Before going into more detail though, it would help to have some more examples of cases that would be accepted and rejected. I’m especially interested in cases where there might be a small part which would intersect with the model.

As requested, I’ve made some extra pictures illustrating some edge cases and the desired results. Note that for some cases multiple outputs would be fine, though I do have my preferences of course.


Case 1: Hill tops

This is a situation where the location at which a model is placed is higher up than the locations to the left, right, front and back, but the slopes in all 4 directions are not steep enough for rejection.

Desired output: The model is placed upright at the highest point.

image

Incorrect output: The sides are aligned, but the middle part is clipping through the hill top. This would violate condition 1. (clipping through the ground)

image


Case 2: Stairs

This is a situation where looking from above, all surfaces are horizontal, but looking from the side there are many ‘low’ walls.

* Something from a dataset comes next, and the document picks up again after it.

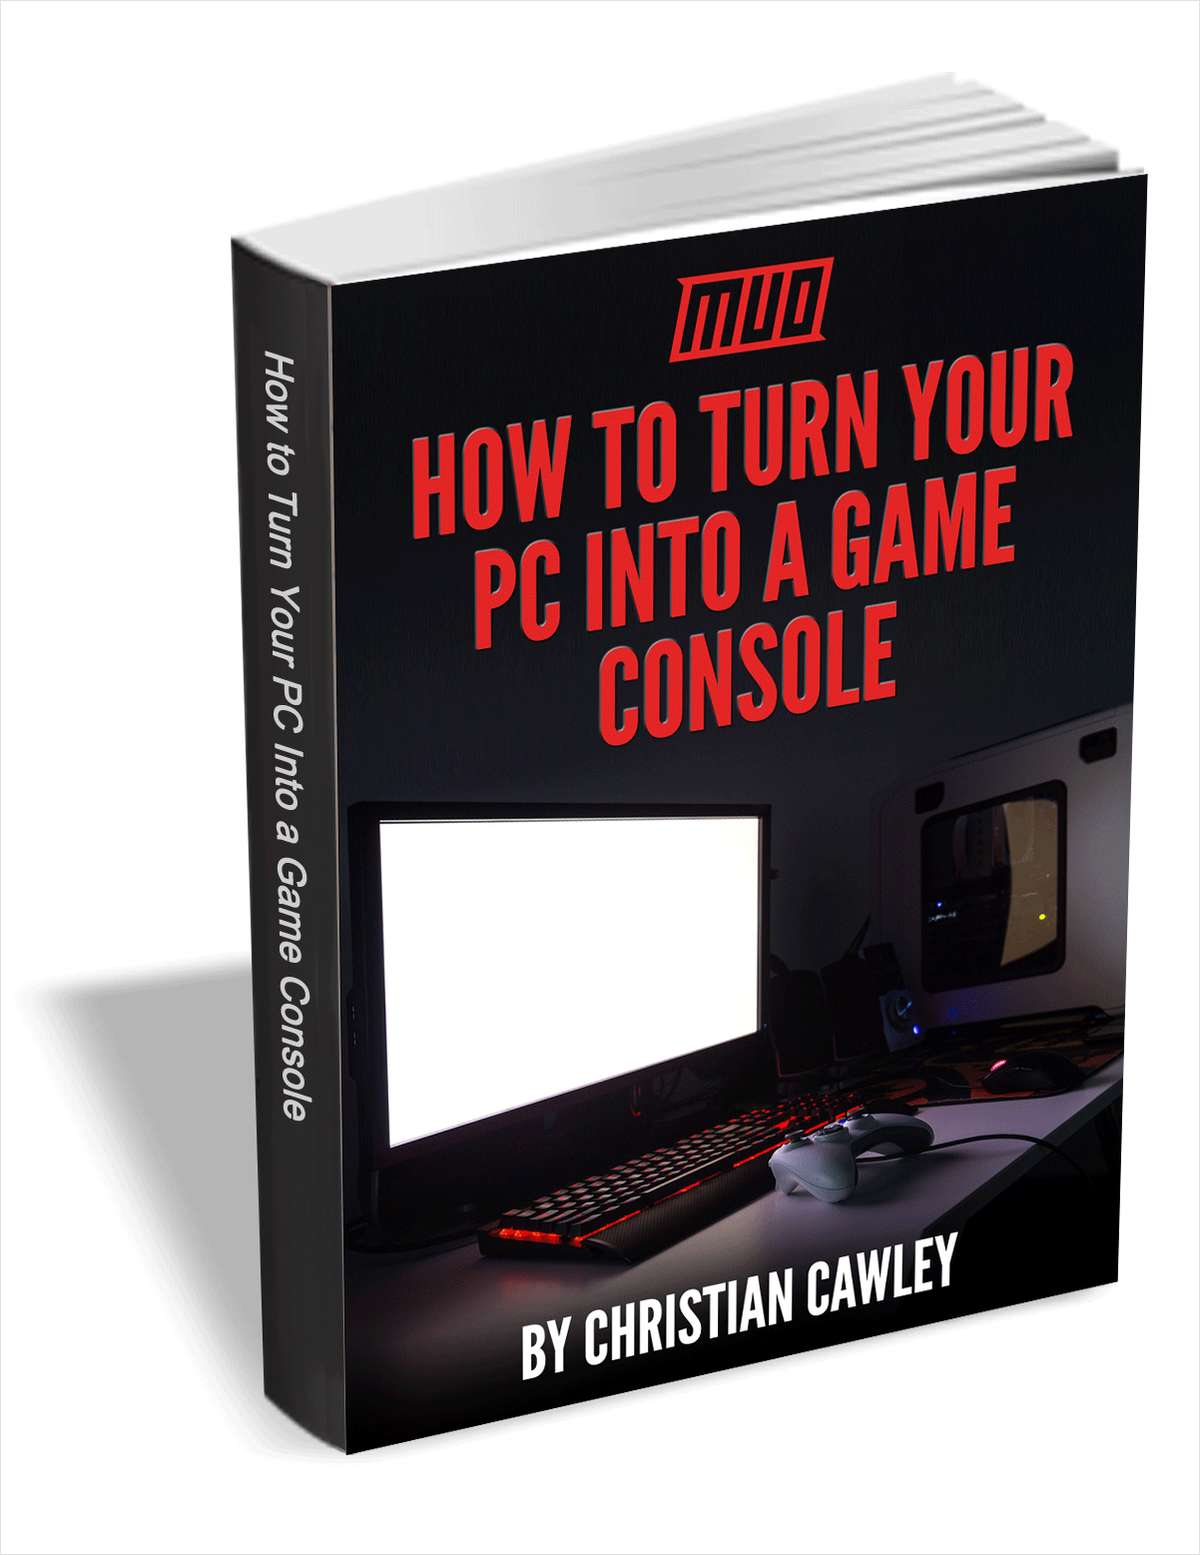 How to Turn Your PC Into a Game Console

Desired output: The model is aligned with the stairs as if the stairs were covered with giant cardboard sheets, provided that its angle does not exceed a threshold (condition 3 from the original post)

image

Incorrect output: The model is aligned with an individual step, on one side it clips into other steps, and on the other side it hovers over other steps. This violates condition 1.

image


Case 3: Thin yet tall props

This is a situation where the model is placed nearby props that are thin and tall.

Desired output: The model’s location is rejected.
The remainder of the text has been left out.